II. Standard of Review
Judicial review of a social security case is based upon the pleadings and the transcript of the record. See 42 U.S.C. § 405(g). The scope of review is limited to determining whether the Commissioner applied the correct legal standards and whether the record, as a whole, contains substantial evidence to support the Commissioner's findings of fact. See Matthews v. Apfel, 239 F.3d 589, 592 (3d Cir. 2001) (noting that "'[t]he findings of the Commissioner of Social Security as to any fact, if supported by substantial evidence, shall be conclusive'" (quoting 42 U.S.C. § 405(g))); Schaudeck v. Comm'r of Soc. Sec. Admin., 181 F.3d 429, 431 (3d Cir. 1999) (stating that the court has plenary review of all legal issues, and reviews the ALJ's findings of fact to determine whether they are supported by substantial evidence).
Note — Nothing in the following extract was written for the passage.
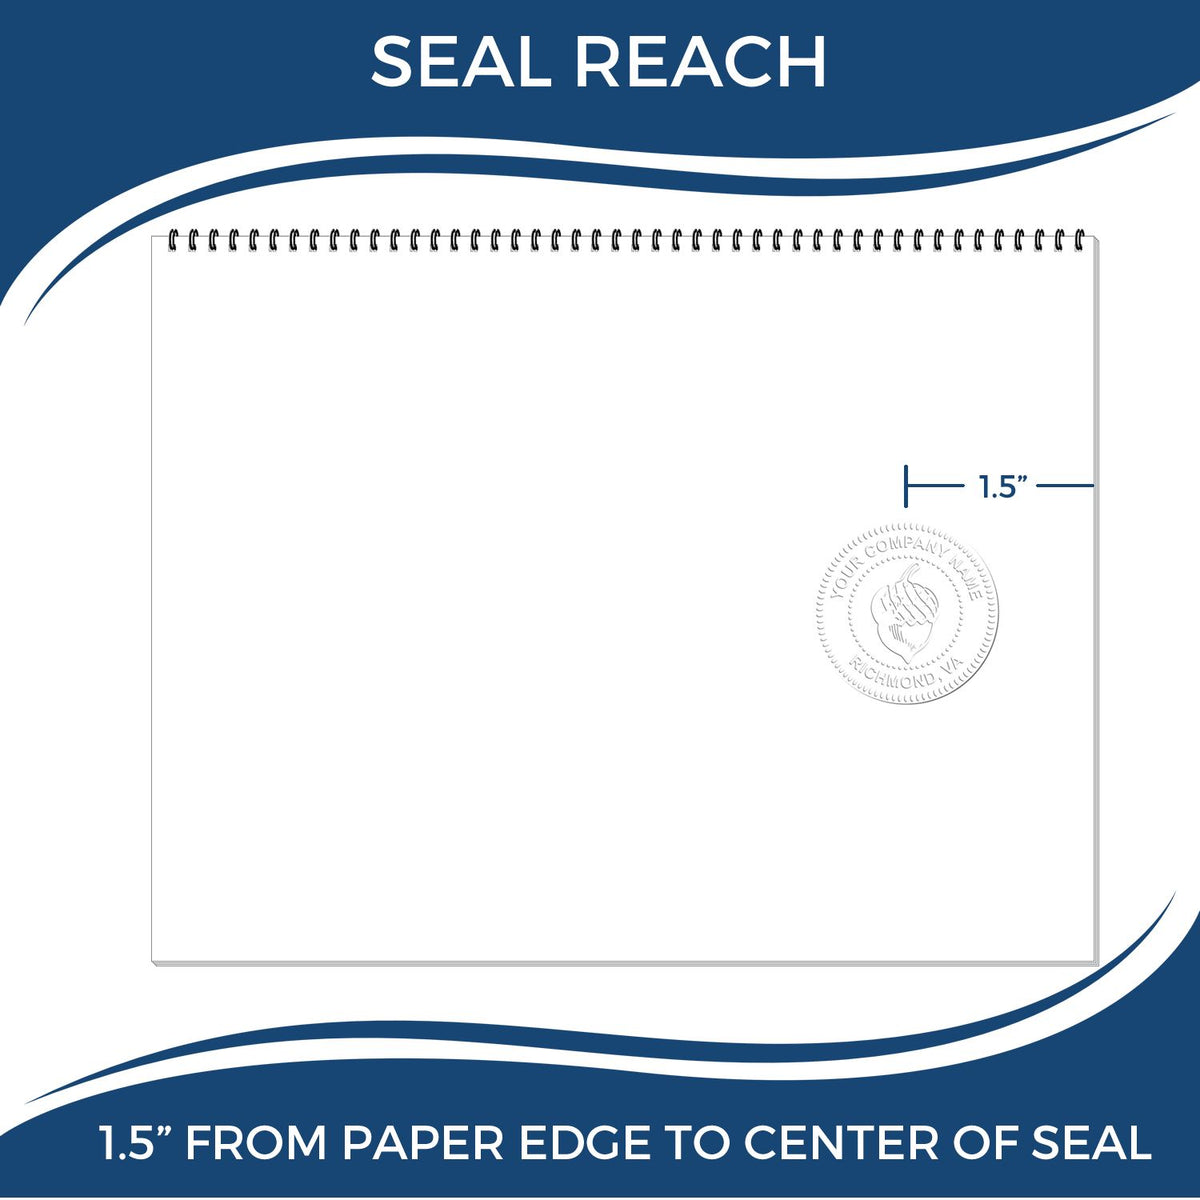 An infographic showing the seal reach which is represented by a ruler and a miniature seal image of the Gift Maryland Architect Seal
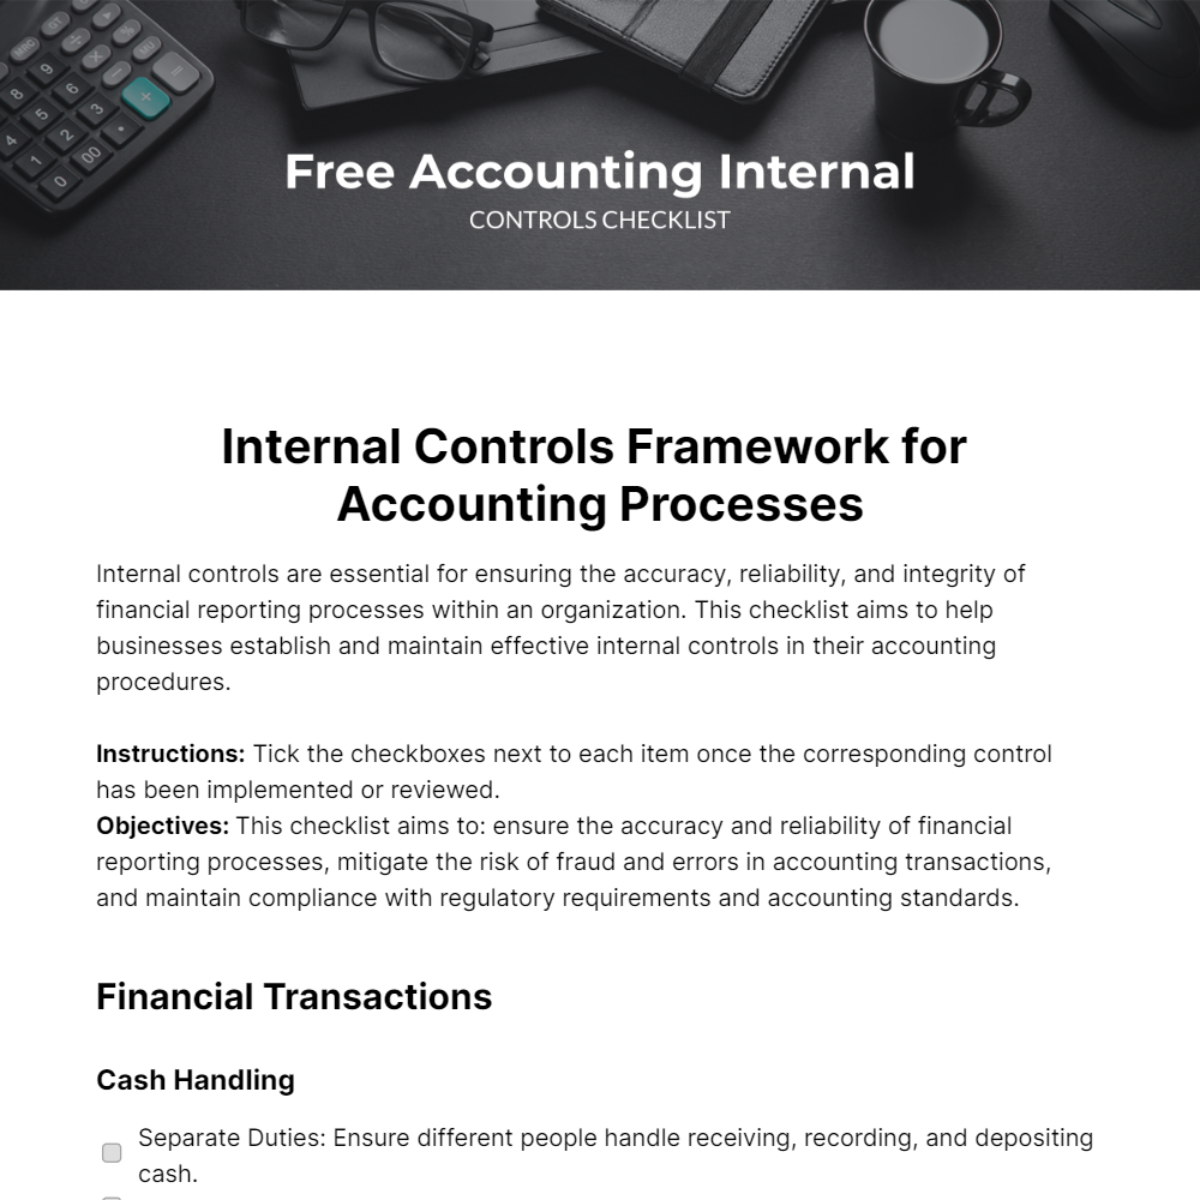 Free Accounting Internal Controls Checklist Template

"Substantial evidence" is defined as "'more than a mere scintilla. It means such relevant evidence as a reasonable mind might accept as adequate'" to support a conclusion. Plummer v. Apfel, 186 F.3d 422, 427 (3d Cir. 1999) (quoting Ventura v. Shalala, 55 F.3d 900, 901 (3d Cir. 1995)). However, a "'single piece of evidence will not satisfy the substantiality test if the [Commissioner] ignores, or fails to resolve, a conflict created by countervailing evidence.'" Morales v. Apfel, 225 F.3d 310, 317 (3d Cir. 2000) (quoting Kent v. Schweiker, 710 F.2d 110, 114 (3d Cir. 1983)). "'Nor is evidence substantial if it is overwhelmed by other evidence—particularly certain types of evidence (e.g., that offered by treating physicians)—or if it really constitutes not evidence but mere conclusion.'" Id.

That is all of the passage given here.